前記保護層に含まれる含フッ素イオン交換樹脂のイオン交換容量が０．５～２．０ミリ当量／ｇ乾燥樹脂である、請求項１または２に記載の固体高分子形燃料電池用膜電極接合体。
　前記保護層に含まれる含フッ素イオン交換樹脂がイオン交換基を有するパーフルオロポリマーである、請求項１～３のいずれかに記載の固体高分子形燃料電池用膜電極接合体。
　前記カソードおよび前記アノードの少なくとも一方が、前記触媒層と前記保護層との間に、平均繊維径が１～２００ｎｍであるカーボンファイバーを含む接着排水層をさらに有する、請求項１～４のいずれかに記載の固体高分子形燃料電池用膜電極接合体。
　前記接着排水層の厚さが、２～１５μｍである、請求項５に記載の固体高分子形燃料電池用膜電極接合体。
　前記接着排水層がさらに含フッ素イオン交換樹脂を含む、請求項５または６に記載の固体高分子形燃料電池用膜電極接合体。

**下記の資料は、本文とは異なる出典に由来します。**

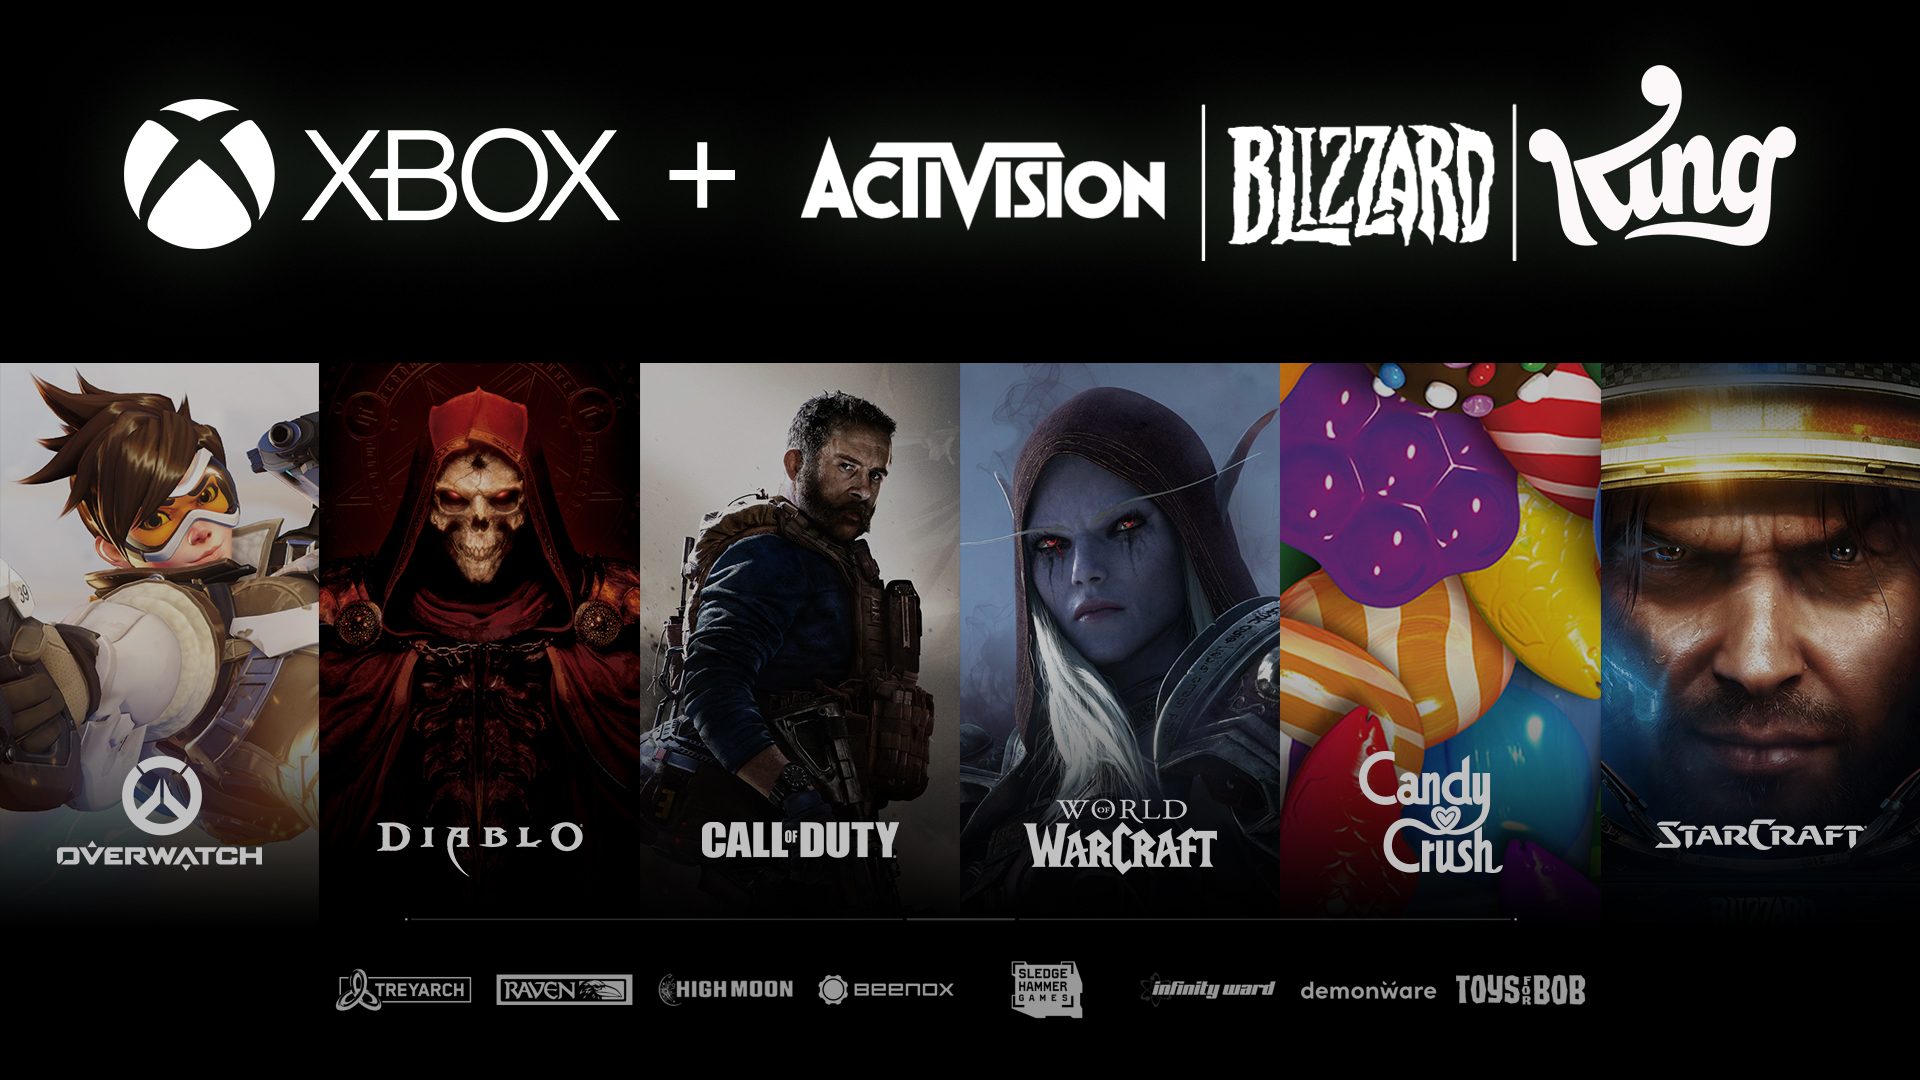 Activision Blizzard schließt sich Team Xbox an
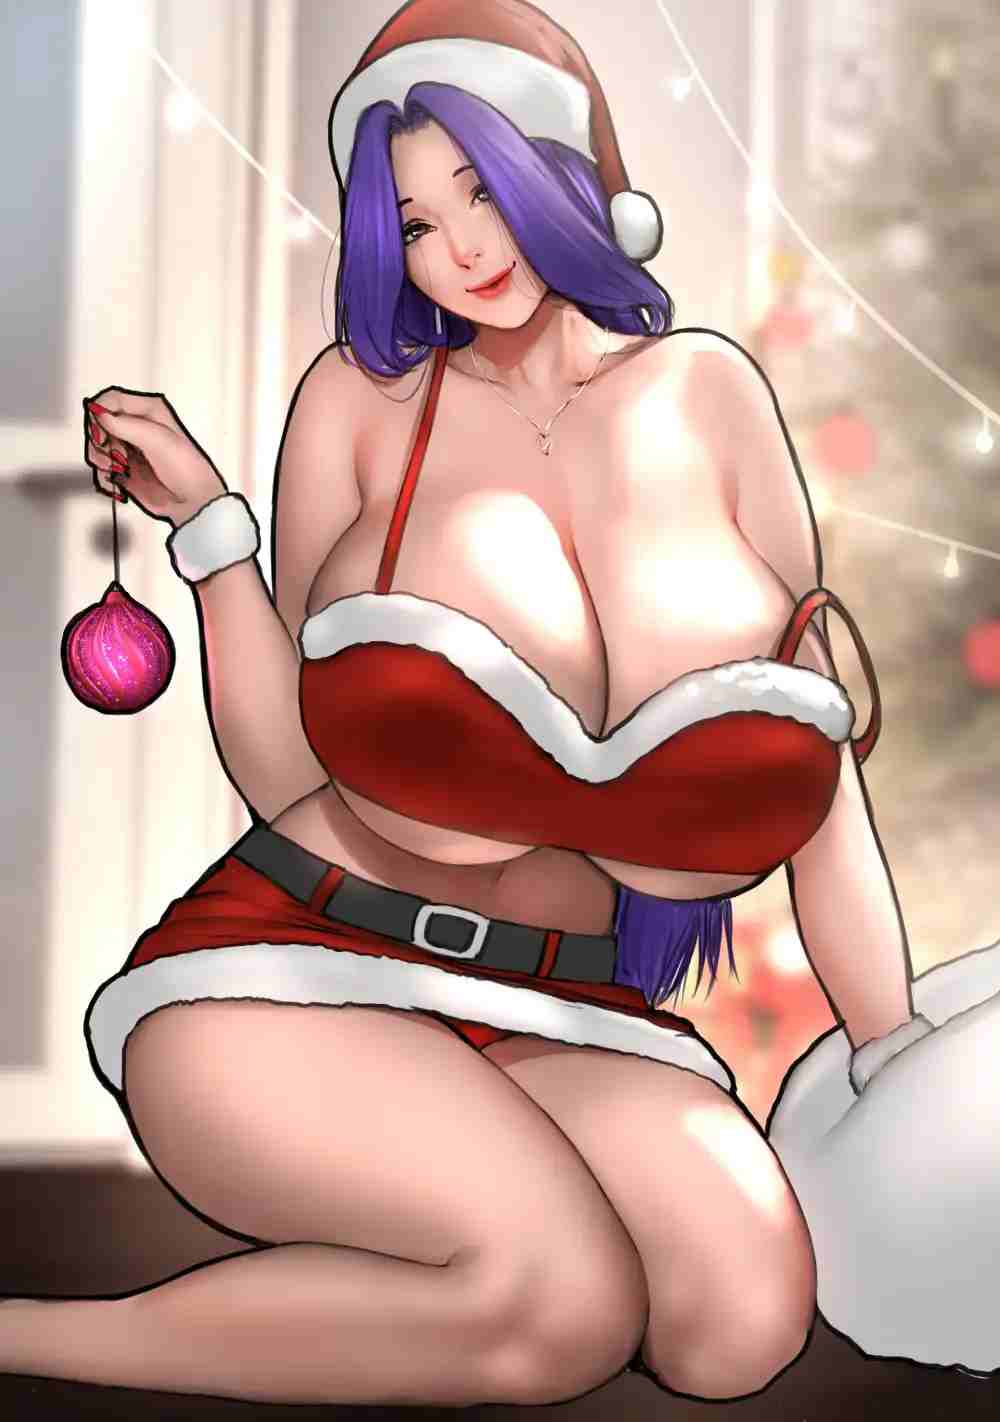 Christmas Special

　前記接着排水層に含まれる含フッ素イオン交換樹脂（ｆ）とカーボンファイバー（ｃ）との質量比（ｆ／ｃ）が、０．０５～２である、請求項７に記載の固体高分子形燃料電池用膜電極接合体。
　前記カソードおよび前記アノードの少なくとも一方が、前記保護層と前記ガス拡散層との間に、カーボン粒子を含むマイクロポーラス層をさらに有する、請求項１～８のいずれかに記載の固体高分子形燃料電池用膜電極接合体。